Two distinct channels touch LinkMesh:

Agent → server (mTLS gRPC) carries heartbeats, status, and operator-triggered commands (restart, upgrade, rollback). This channel does NOT carry collector configuration anymore — that goes via the collector’s native channel.
Collector → server (HTTPS, per-collector bearer) carries config pulls (Alloy’s remotecfg, otelcol-contrib’s OpAMP) AND self-telemetry OTLP pushes. One bearer token per collector covers both directions.

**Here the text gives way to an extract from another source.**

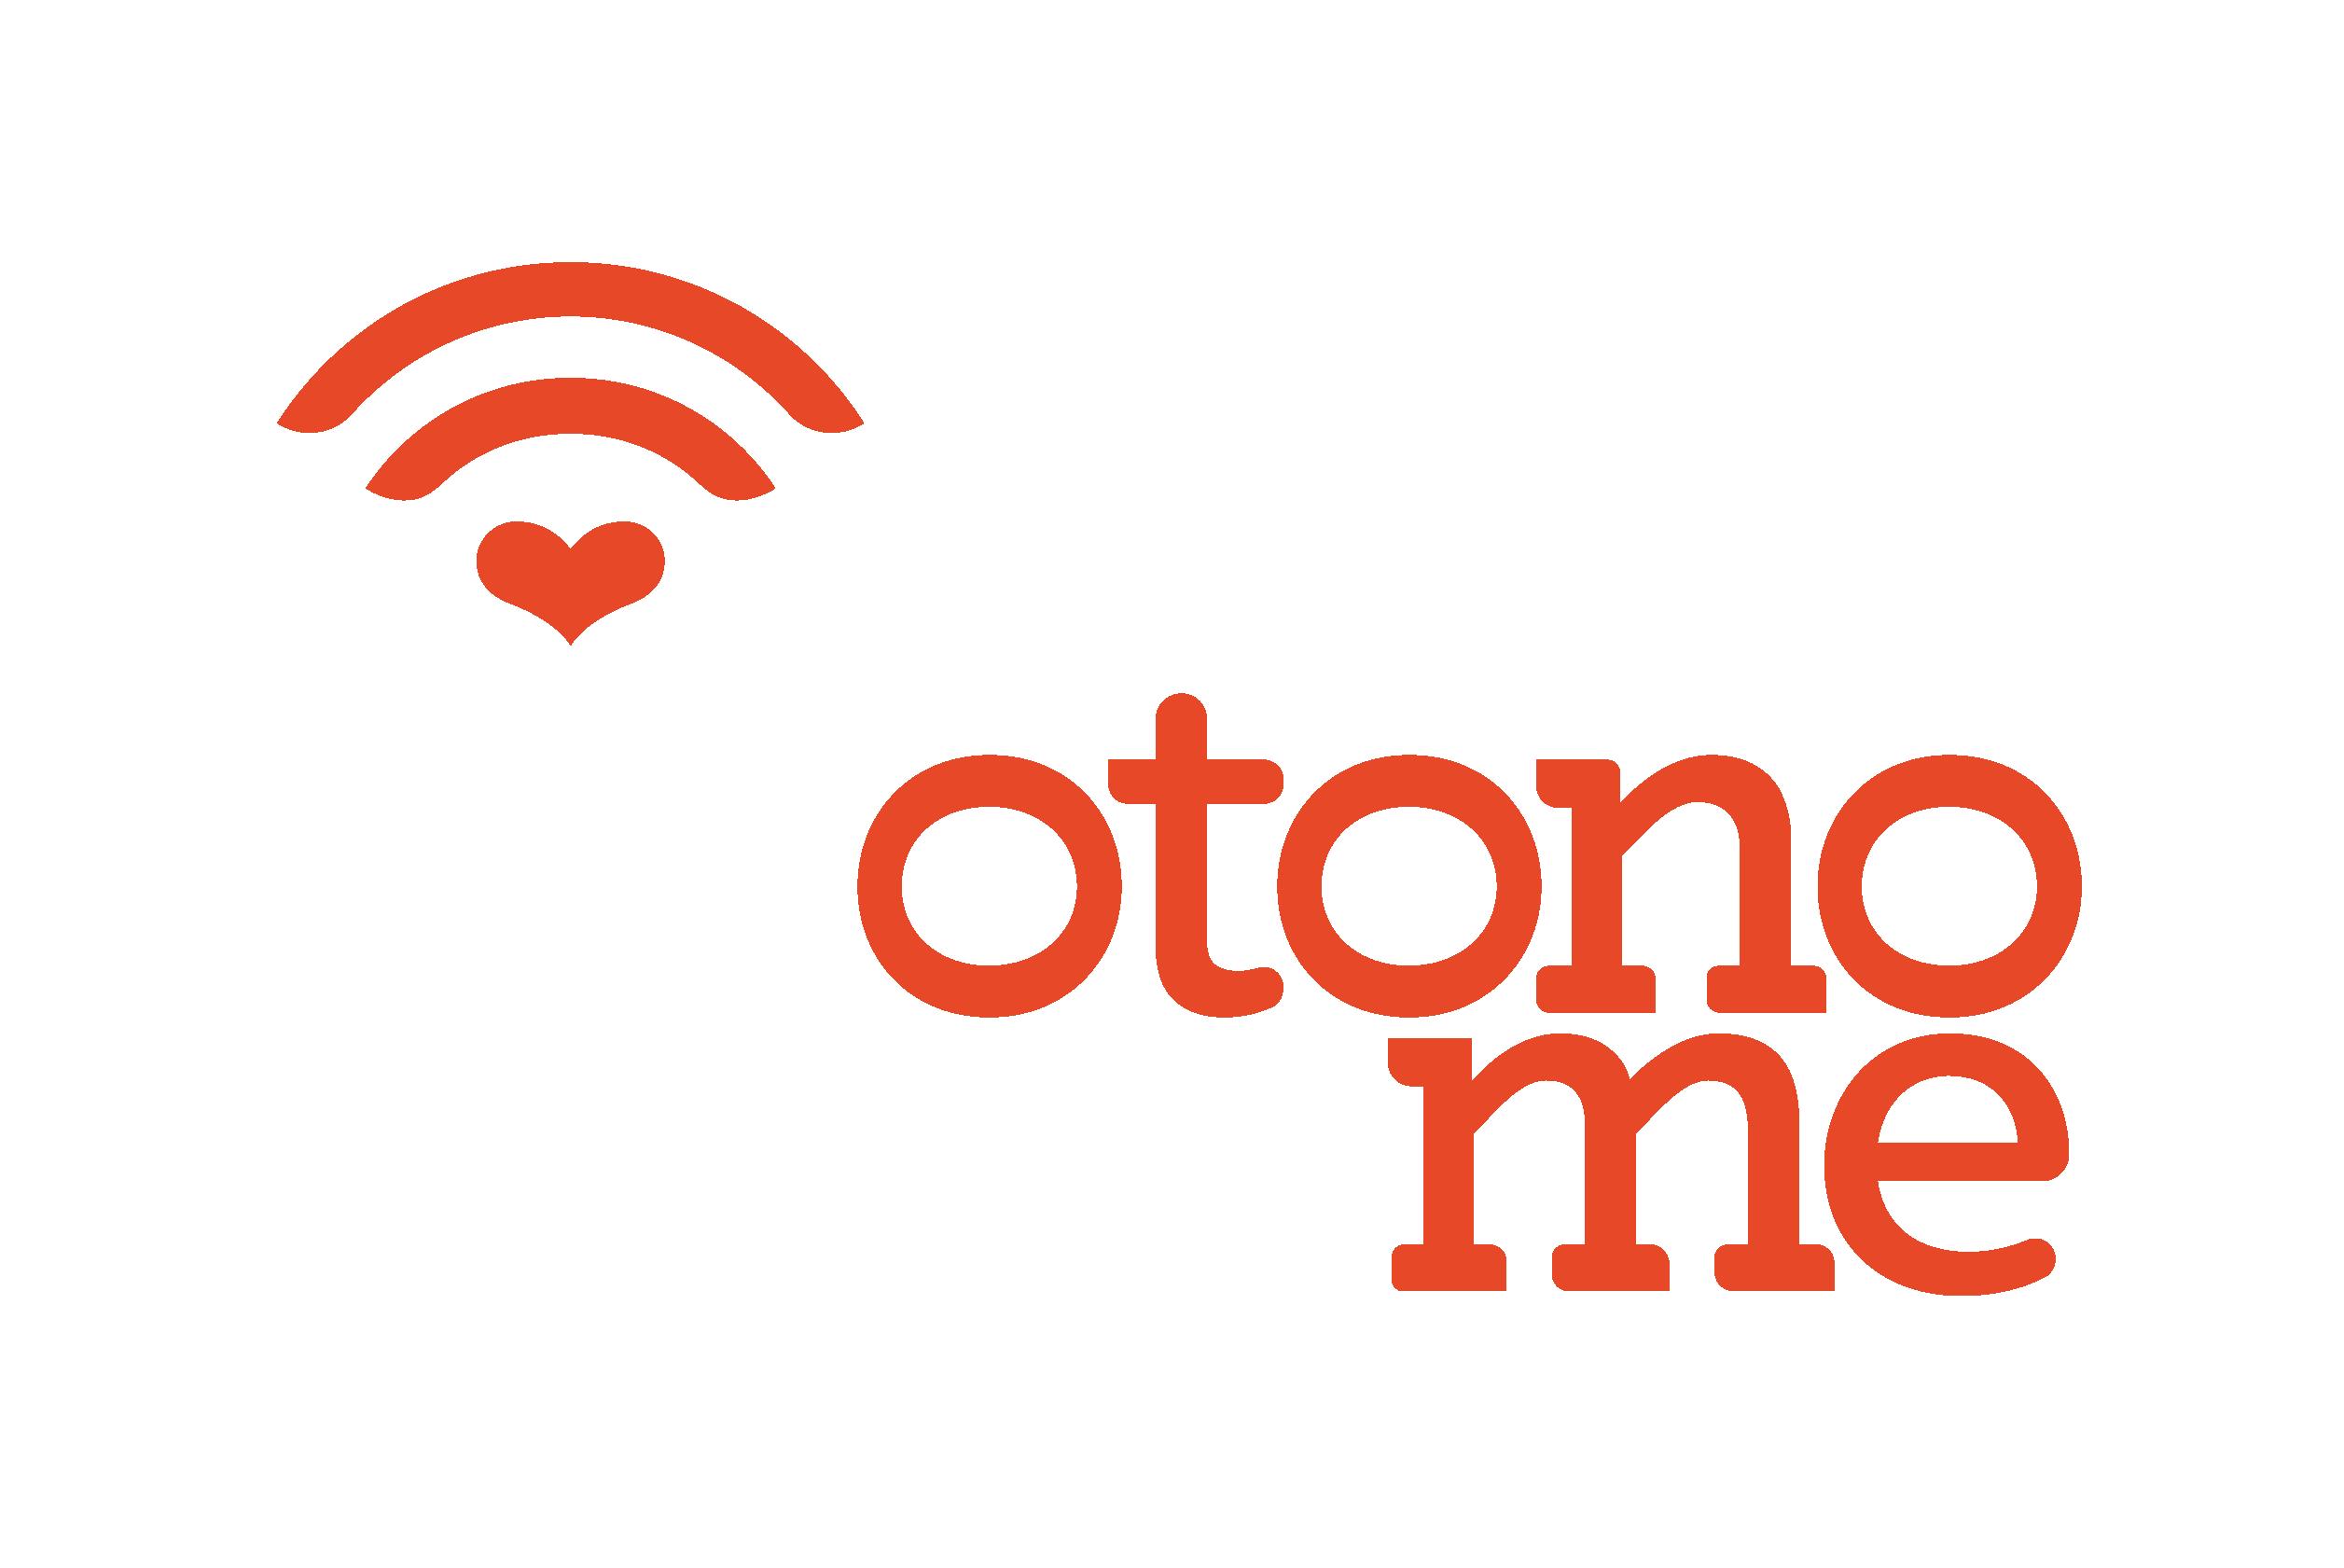 Logo complet OTONO-ME, le service de teleassistance innovante

That separation matters: if the agent dies, the collector keeps running with its last-applied config and keeps reporting self-telemetry. The fleet UI marks the agent offline but the data-plane is unaffected.

Lifecycle states

Operators see three “are things working” axes on the collector detail page. They’re orthogonal — any combination is possible.

Axis	States	Reported by
Agent	online / offline	mTLS gRPC heartbeat to LinkMesh server
Collector process	running / starting / crashed / stopped	Agent observes via systemd / SC
Collector data flow	healthy / unhealthy	Collector self-telemetry — receiver-accept-rate, exporter-success-rate

A common scenario:

Agent: online ✓
Collector process: crashed ✗ (agent restarting it with backoff)
Collector data flow: unhealthy ✗

The fleet UI shows all three so operators triage at the right layer instead of staring at a single red light.

Future scope

The agent’s role is intentionally minimal today. The architecture leaves room for these without changing the boundary:

Log auto-discovery — scan the host for known log paths (/var/log/nginx/*.log, /var/log/postgresql/*.log) and suggest pipeline templates. Pure host-side observation; doesn’t touch the collector’s data path.
Service auto-detection — detect running services (Postgres, Redis, Nginx) and recommend matching receiver configs the operator can adopt with one click.
Multi-collector orchestration — supervise more than one collector on a host (typical: one Alloy for metrics, one otelcol-contrib for traces). Each collector keeps its own remote- config + own-metrics path; the agent just multiplies the supervision pattern.
Remote shell / debug actions — operator-triggered “tail the collector’s logs” or “run alloy config-print” without the operator needing SSH to the host.

All of these are control-plane work — none expand the agent into the data plane. The boundary holds.